Word for word, set down every line of the entries below from the line with "نقش پرستار سالمند" to the line with "Burlington High School", including both, and no other line.

####################

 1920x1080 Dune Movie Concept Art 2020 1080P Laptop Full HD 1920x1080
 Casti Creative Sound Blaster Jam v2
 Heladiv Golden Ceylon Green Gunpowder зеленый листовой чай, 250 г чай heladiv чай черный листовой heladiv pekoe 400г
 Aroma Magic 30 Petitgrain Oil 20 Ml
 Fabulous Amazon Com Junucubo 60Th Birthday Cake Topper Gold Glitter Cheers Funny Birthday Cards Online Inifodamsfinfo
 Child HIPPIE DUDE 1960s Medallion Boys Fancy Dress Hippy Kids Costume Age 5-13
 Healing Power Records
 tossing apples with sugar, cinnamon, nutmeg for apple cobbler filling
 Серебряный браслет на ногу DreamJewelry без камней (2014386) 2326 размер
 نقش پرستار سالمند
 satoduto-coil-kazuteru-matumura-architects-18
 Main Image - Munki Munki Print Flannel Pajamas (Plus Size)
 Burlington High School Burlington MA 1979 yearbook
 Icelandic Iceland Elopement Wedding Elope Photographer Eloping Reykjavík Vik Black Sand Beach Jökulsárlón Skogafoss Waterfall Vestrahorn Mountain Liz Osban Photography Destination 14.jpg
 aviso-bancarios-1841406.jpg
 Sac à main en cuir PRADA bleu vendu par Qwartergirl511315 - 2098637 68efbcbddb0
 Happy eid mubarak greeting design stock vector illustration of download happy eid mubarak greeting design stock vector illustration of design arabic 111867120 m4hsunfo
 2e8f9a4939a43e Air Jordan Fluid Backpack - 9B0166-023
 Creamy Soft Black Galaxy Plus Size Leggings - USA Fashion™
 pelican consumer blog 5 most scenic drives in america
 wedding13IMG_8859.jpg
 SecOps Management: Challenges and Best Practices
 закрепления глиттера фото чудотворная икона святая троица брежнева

####################

Answer
 نقش پرستار سالمند
 satoduto-coil-kazuteru-matumura-architects-18
 Main Image - Munki Munki Print Flannel Pajamas (Plus Size)
 Burlington High School Burlington MA 1979 yearbook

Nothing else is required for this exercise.